Can we learn from past history such as attempted assassination of Hitler?

  • Yes, it is vital we learn form history

    Today, many people complain about how it seems we keep committing the same mistakes we have in the past. Examples of this are demonstrated in the current elections and other related topics. If we as humans strive to learn about what we have attempted to do in the past such as the attempted assassination of Hitler, we can correct our mistakes and improve our future.

  • We Can Learn Stauffenberg's Failed Assassination of Hitler

    On July 20, 1944, Colonel Claus von Stauffenberg attempted to assassinate German dictator Adolf Hitler. Stauffenberg's plan was to place a bomb close to Hitler during a meeting, then escape before it exploded. The plot would have succeeded if not for a senior official moving Stauffenberg's briefcase behind a table leg just before the blast, an event which would not have occurred if Stauffenberg had stayed to ensure the bomb would detonate with Hitler still near it.

    Stauffenberg could have altered the flow of history if not for valuing the safety of his own life more highly than the taking of Hitler's life.
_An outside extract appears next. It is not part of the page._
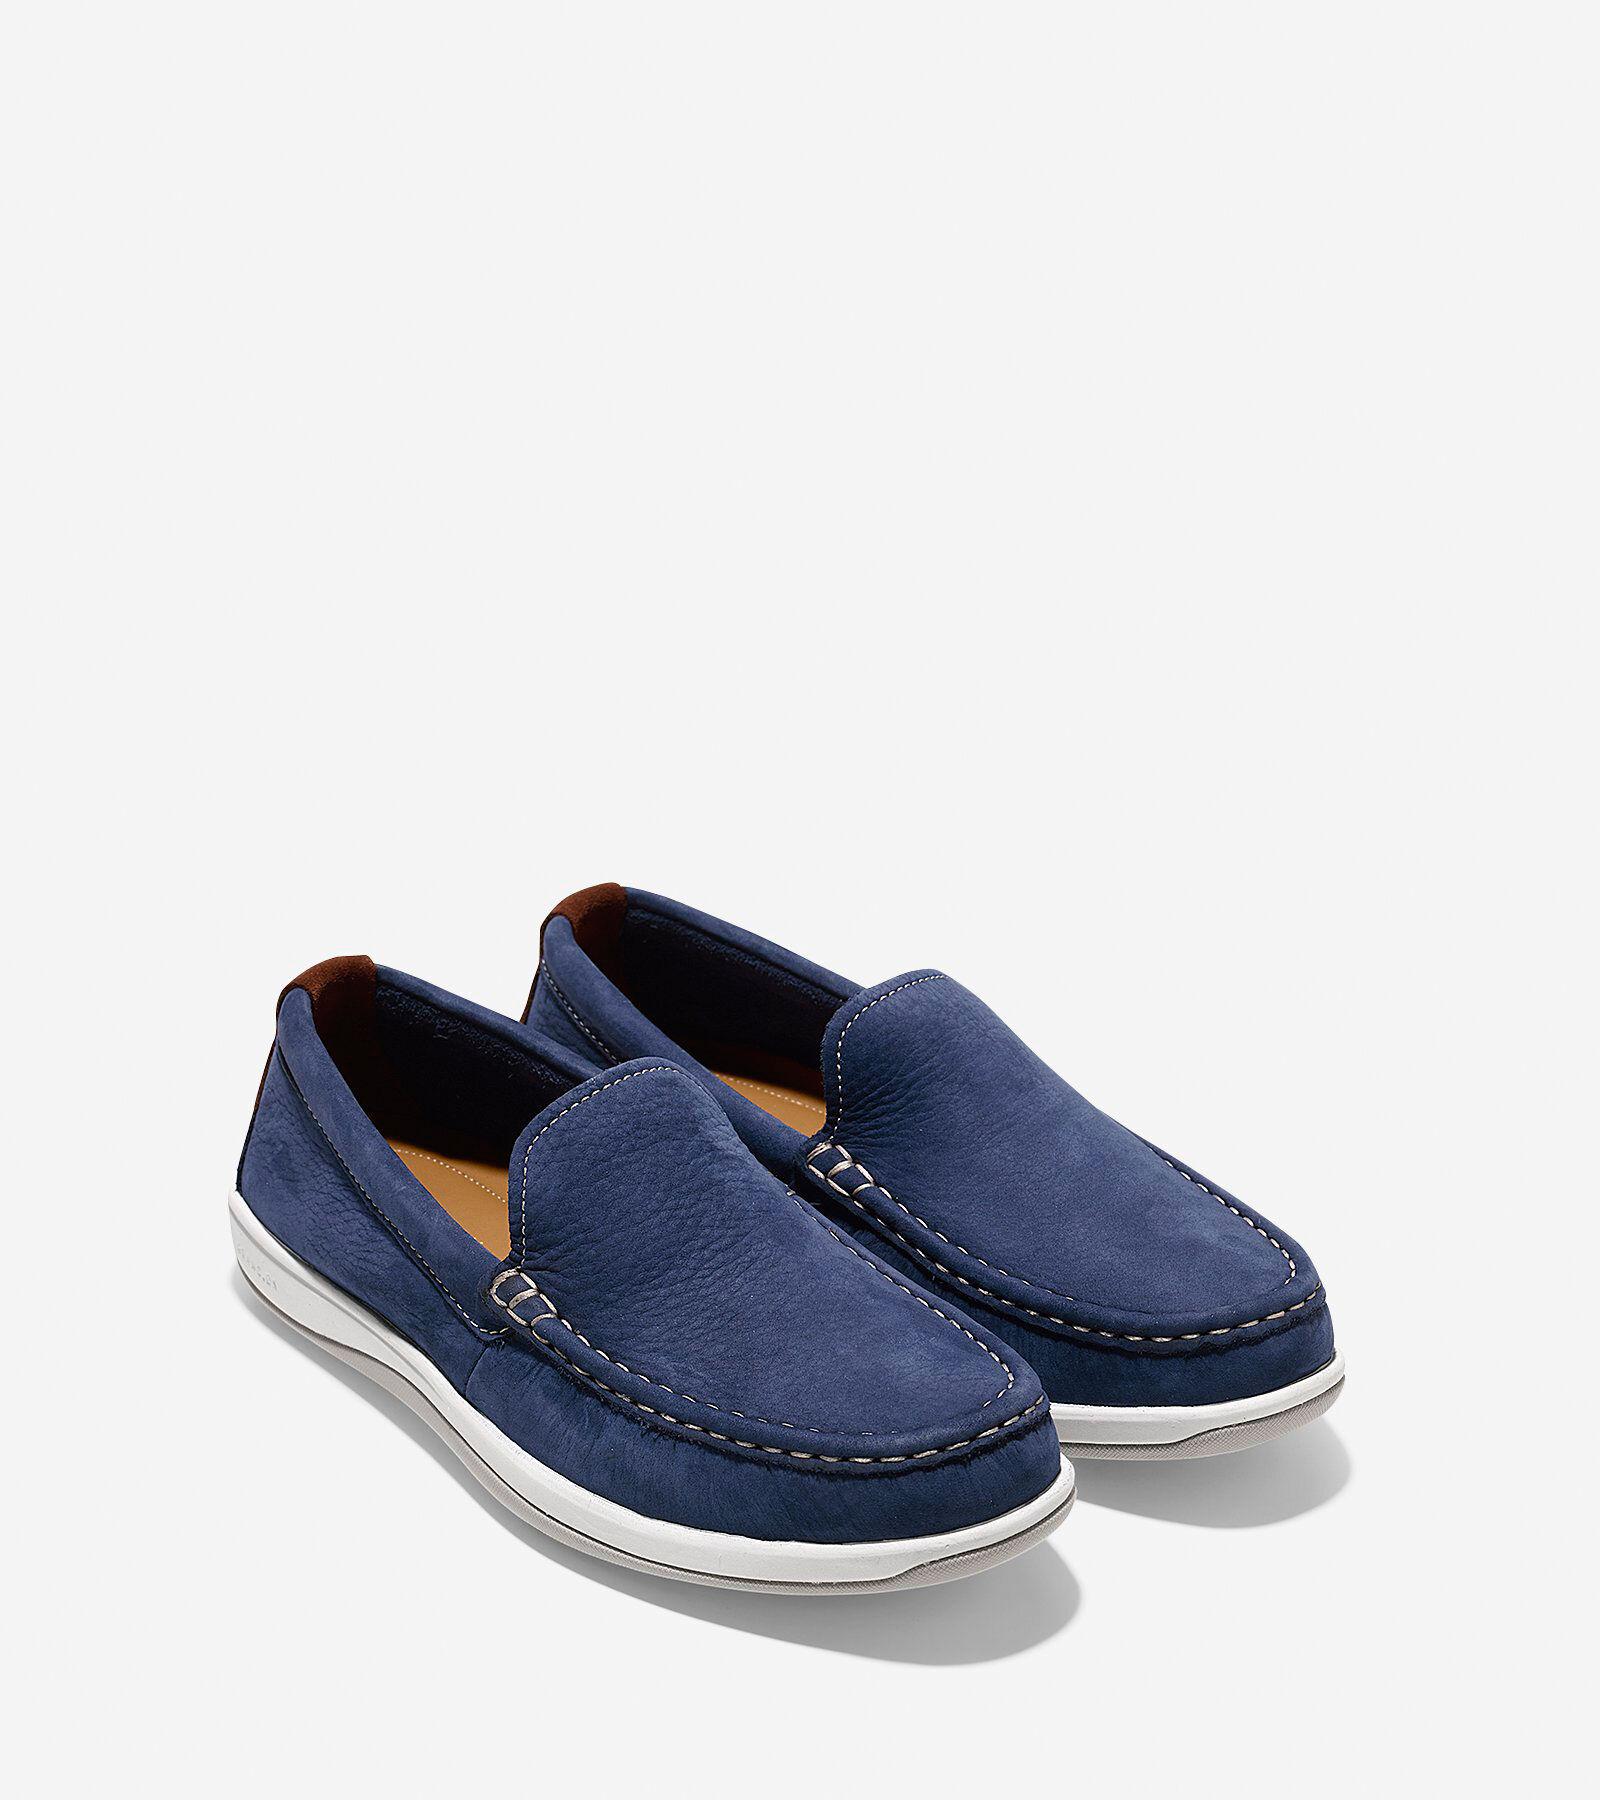 Cole Haan Boothbay Slip-On Loafer Marine Blue Nubuck Men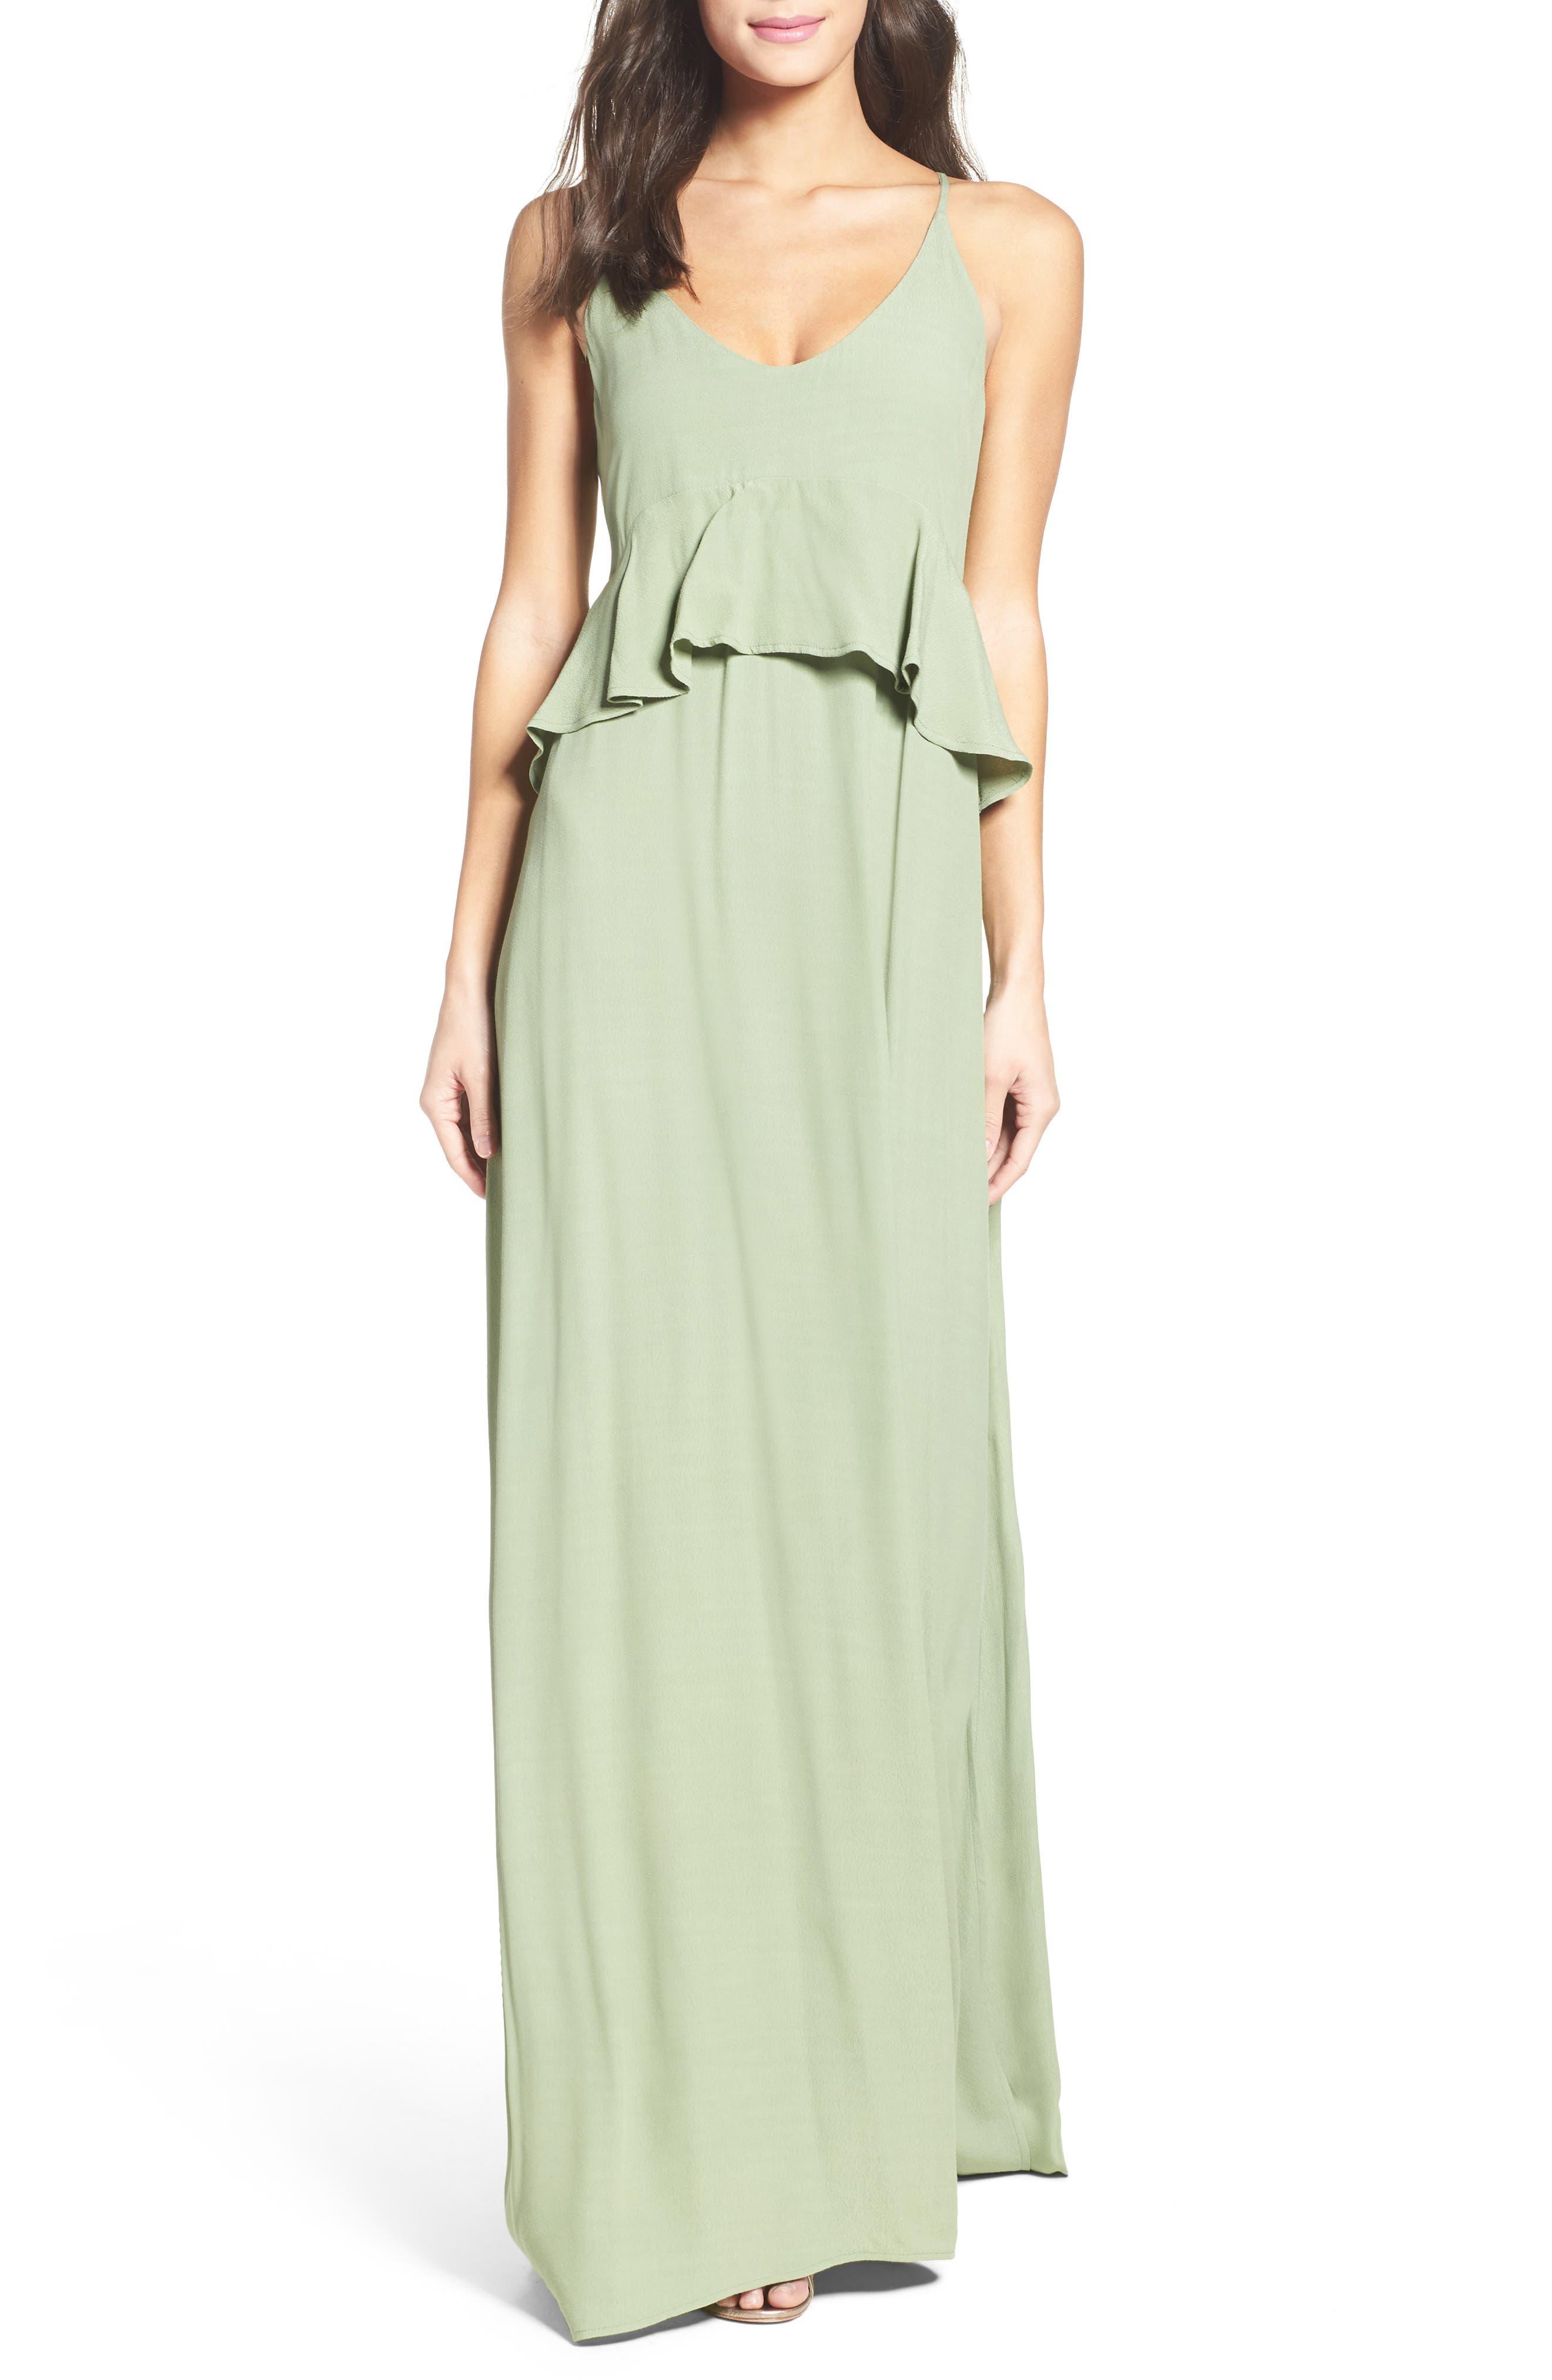 Roe + May Jolie Crepe Peplum Dress,                         Main,                         color, 310

The lesson we can learn from this is that to change the world in times of desperate need, willingness to make a true sacrifice may be necessary.

  • Yes, we can.

    Learning about history is important because we can learn from it. Specifically attempted assassinations on Hitler teach us what we need to do to stop a new dictator and we can learn how and why those attempts did not work, so as to come up with new solutions that can solve those problems.

  • Yes, we can learn a lot about history including the attempted assassination of Hitler.

    Yes, history can teach us a lot of valuable things including what to do going forward. When we study controversial events like the attempted assassination of Hitler and really dissect them, including what led up to them, then we'll gain a far richer understanding of what works and what doesn't. We'll also better understand the long-term ramifications of doing something, or not doing it.